На кладбище их уже поджидали баркашовцы из РНЕ с плакатом: «Нет места жидам в Москве». Афганцы мгновенно разобрались с баркашовцами, выбросили их за кладбищенский забор. Процессия разделилась, большинство вошли в часовню, остальные с Ильей в ожидании. Наконец, процессия воссоединилась.
– Здесь друг Ильи, скрипач, – обернулась к Леве Инесса. – Можно он будет играть?
– Пусть играет.
…В Гипрорыбпром Лева приехал к концу рабочего дня, не все чертежи были исправлены.
Дождь Судного дня барабанил опавшие листья, многократно усиливаясь в ночи, торопил листопад и прохожих; залихватски плясал на автомобилях, фортепьянил, пугал детей и старушек. А утром дождь обернулся в туман и затих, повиснув между колоннами синагоги.
Прихожане поднимались на Горку, на утреннее Богослужение. Желтый свет иномарок выныривал, и стайки нищих тотчас кидались под колеса. Старый кантор на старый манер пел с амвона. Как прекрасны шатры твои, Иаков…
Тем временем в доме Полякова Зяма встречал голодных стариков под портретом Царя-мессии. А на Разгуле, в трех шагах от Елоховской церкви, в ДК «Автомобилист» молитвы Судного дня пели десять американских канторов – по совместительству солистов хора Ростроповича…
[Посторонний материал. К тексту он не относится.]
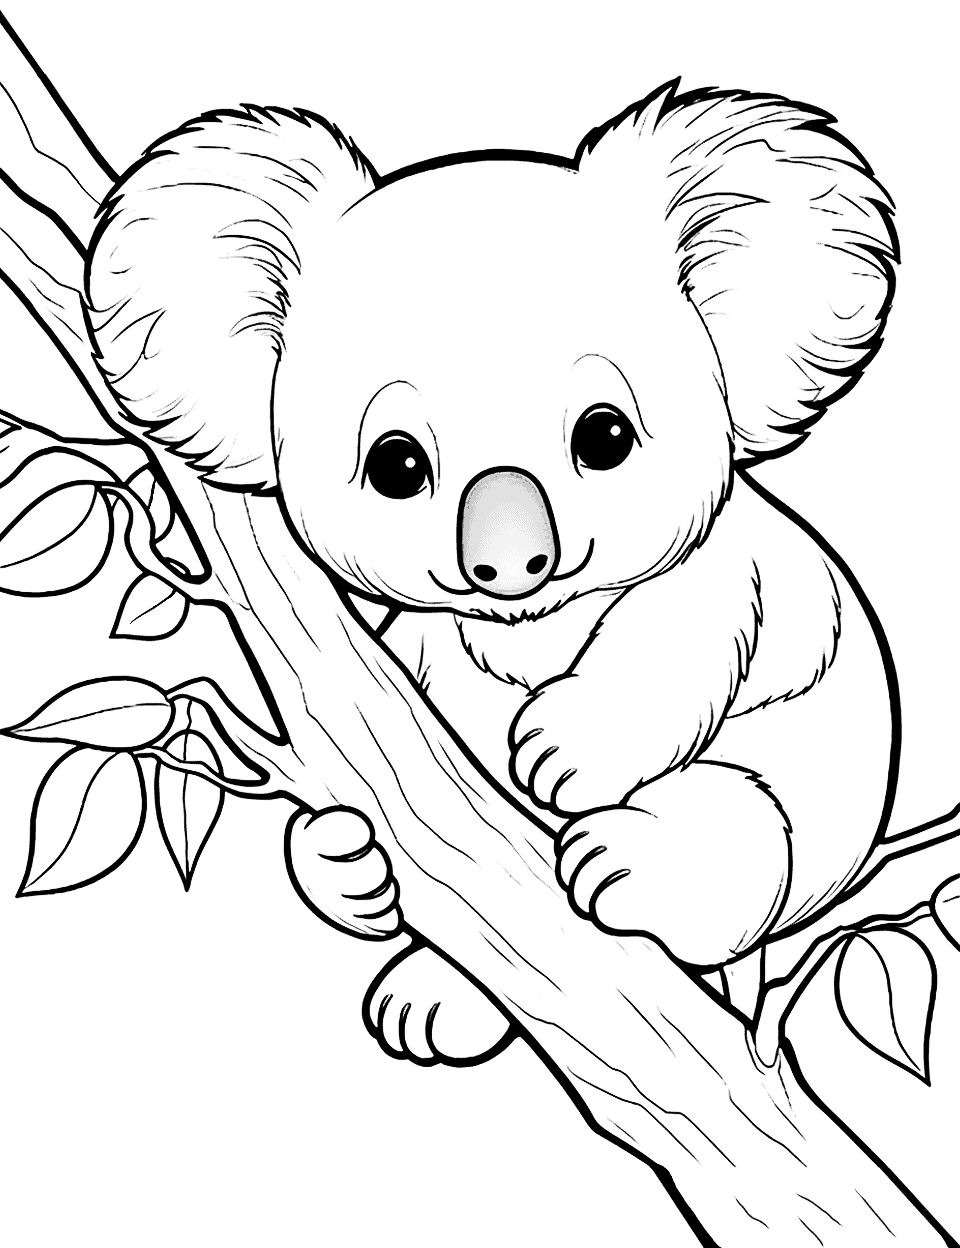 Sleepy Koala Animal Coloring Page - A sleepy koala cuddled up on a eucalyptus tree branch.

– Перерыв до шести вечера, – объявил Лева.
– Рабби, покажи нам Москву, – обратились канторы. – Что у вас самое-самое?
– Белый дом.
Маленький сталкер провел их по крышам гаражей к дыре в ограждении, здесь милицией и не пахло. Дым костров и запахи страха, где сошлись коммунисты, казаки, баркашовцы. Расколотые арбузы валялись в ногах, как обрубленные головы. Женщины в красных косынках.
– Русский Голливуд! – воскликнул кантор Беня.
Бритоголовые парни, вооруженные ножами, цепями и битами кричали из-за проволоки милиционерам:
– СССР! СССР! СССР!
– Ельцин жид!
– Бей жидов, спасай Россию!
Милиционеры снаружи равнодушно улыбались молодому безумству. А внутри зоны коммунисты-дружинники топтались в нескольких шагах от фашистов.
Дым обеденных костров, играла гармонь между выкриками.
Наконец, защитники Белого дома заметили канторов, окружили их и кричали им:
– Люди обнищали, люди унижены!
– Мы не сдадимся!
– Банду Ельцина под суд!
– Чего они хотят? – спросил кантор Майкл.
– Они защищают Конституцию от президента.
На стенах черным и красным: «Смерть жидам!», «Иудейское царство Ельцина!».
– Они иностранцы?
– Они солисты хора Ростроповича, американцы.
– Евреи!?
– Среди нас тоже есть евреи.
– Расскажите Америке: мы не сдадимся.
– Они поют?
– Русские песни знают?
– Ну, давай свои.
– Русскую, русскую!
– Давайте вместе, – предложил вдруг по-русски Майкл и запел «Калинку».
Чуть ли не с цветами провожали канторов к калитке.
В шесть вечера, как ни в чем не бывало, канторы и Лева поднялись на сцену ДК «Автомобилист». Зал вновь переполнен.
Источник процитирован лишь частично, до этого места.